= What you have to do =
Exclude images, then output the remaining data verbatim.

--- Data Enclosed Below ---

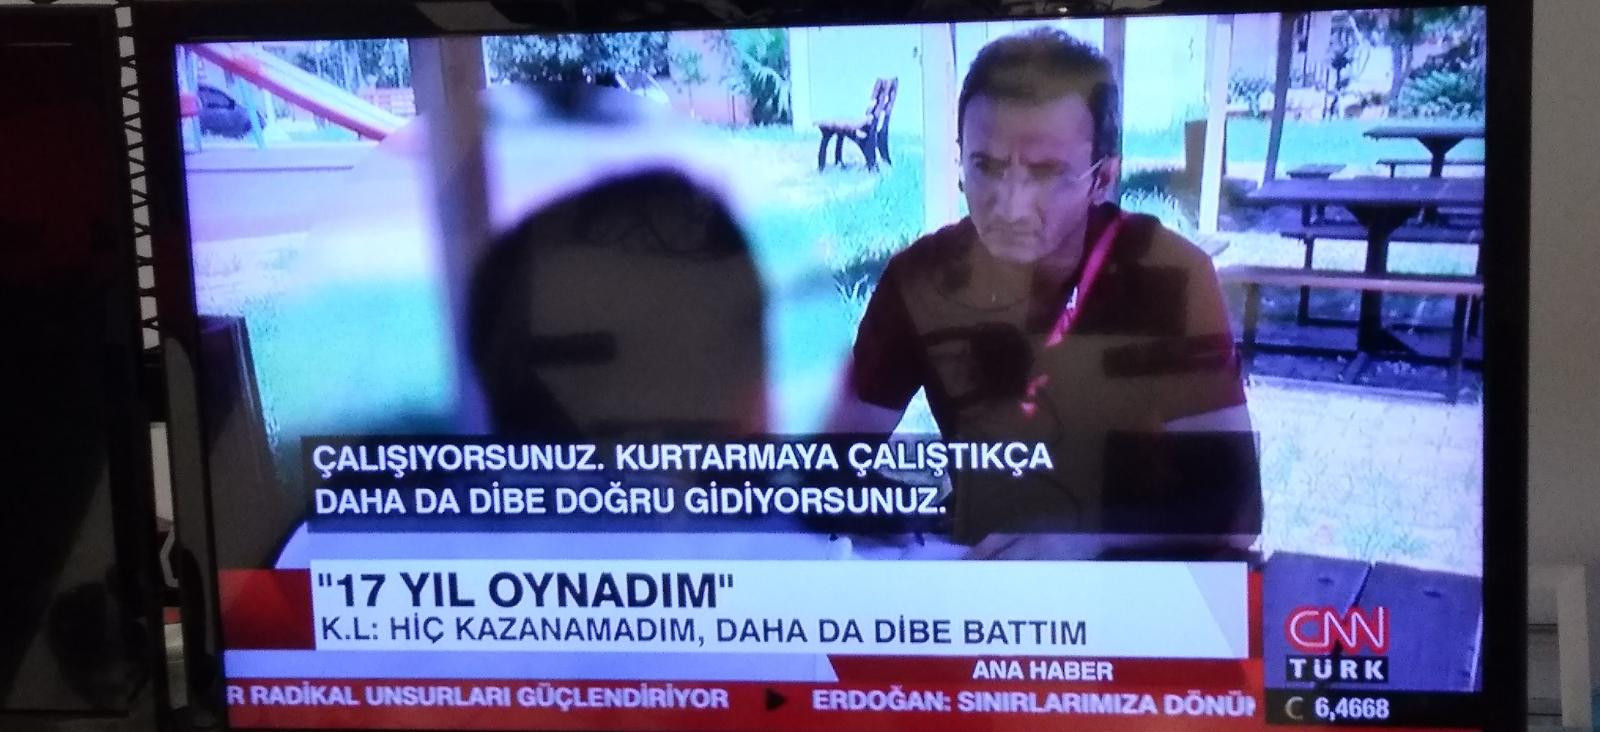 CNN Türk'ten dikkat çeken yasadışı bahis haberi: Patronum sağolsun - Resim: 1
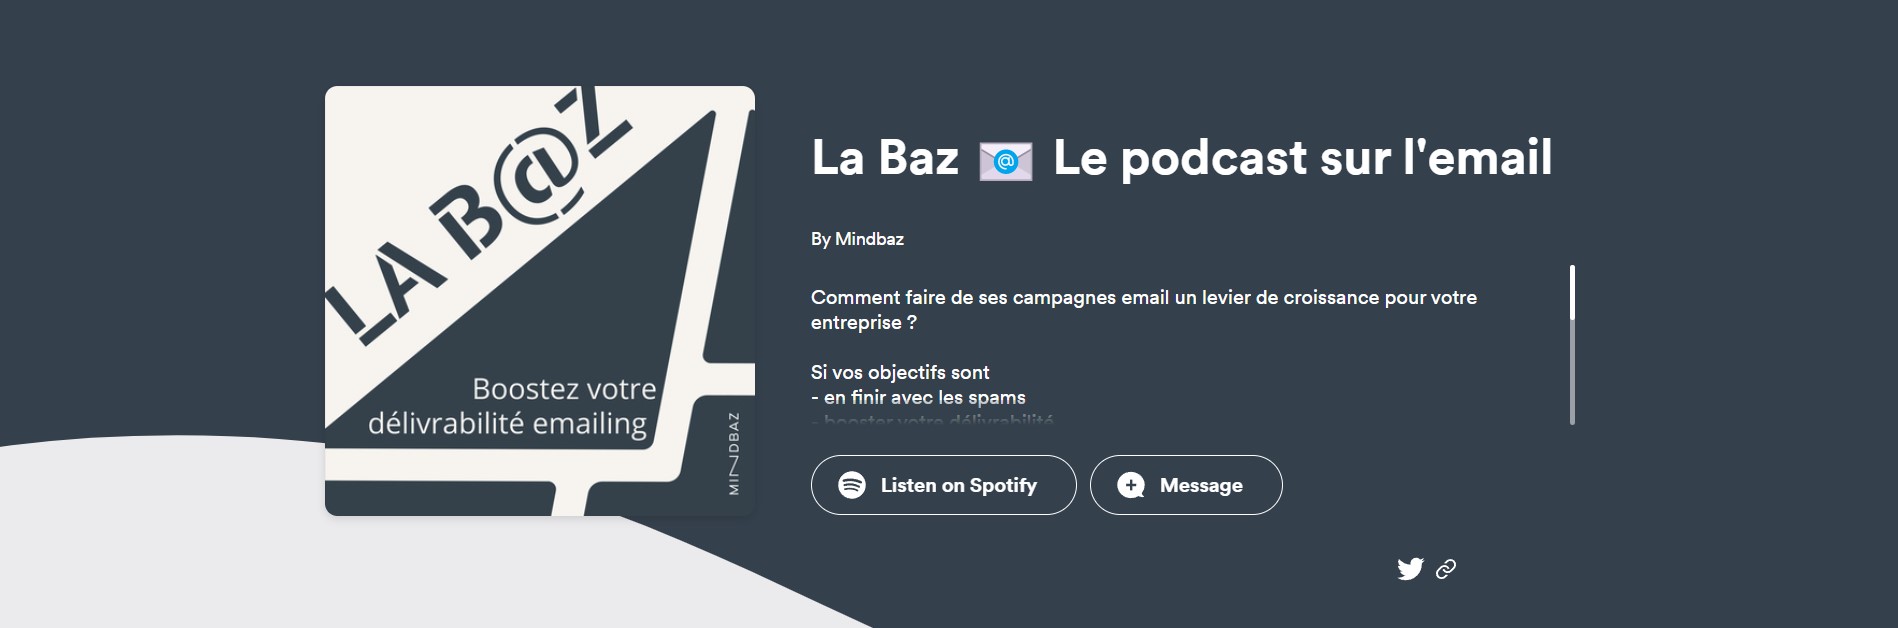 la baz podcast email sms conseils par mindbaz
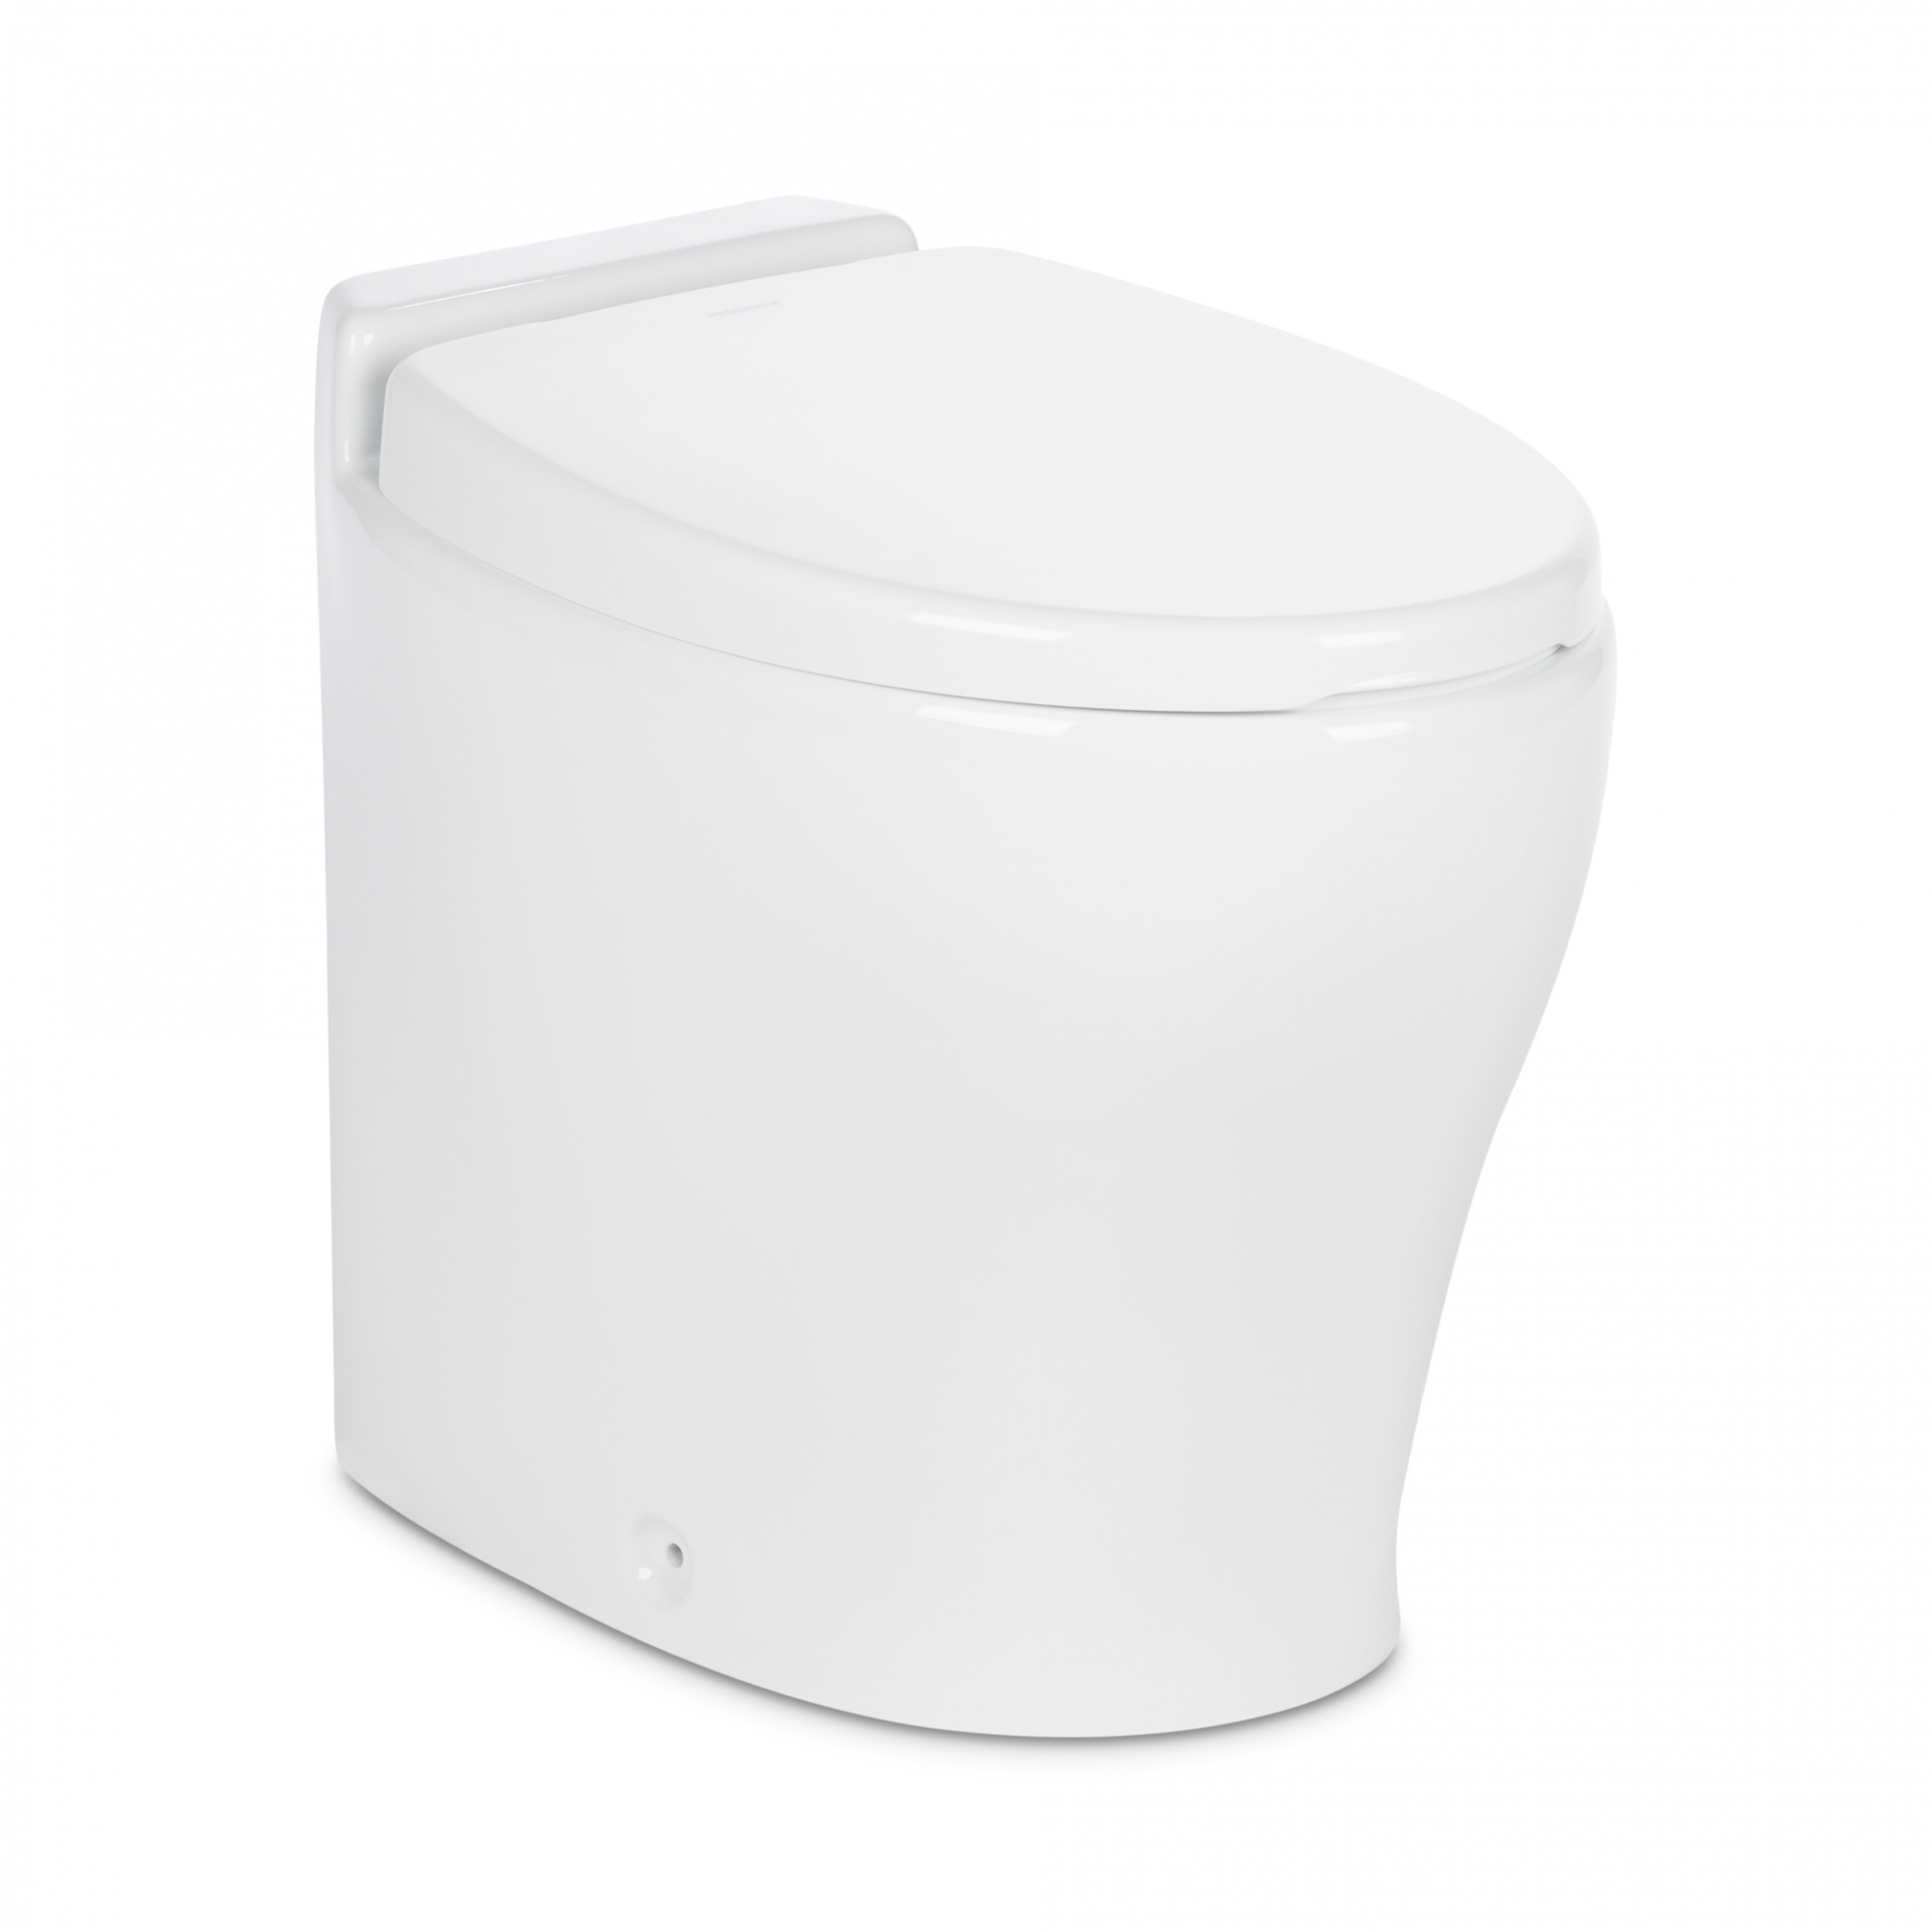 Электрический туалет с мацератором Dometic MasterFlush 8540 9600006450 24 В с пластиковым сиденьем и ручной панелью

--- End of Enclosed Data ---

= Output of the task =
 CNN Türk'ten dikkat çeken yasadışı bahis haberi: Patronum sağolsun - Resim: 1
 la baz podcast email sms conseils par mindbaz
 Электрический туалет с мацератором Dometic MasterFlush 8540 9600006450 24 В с пластиковым сиденьем и ручной панелью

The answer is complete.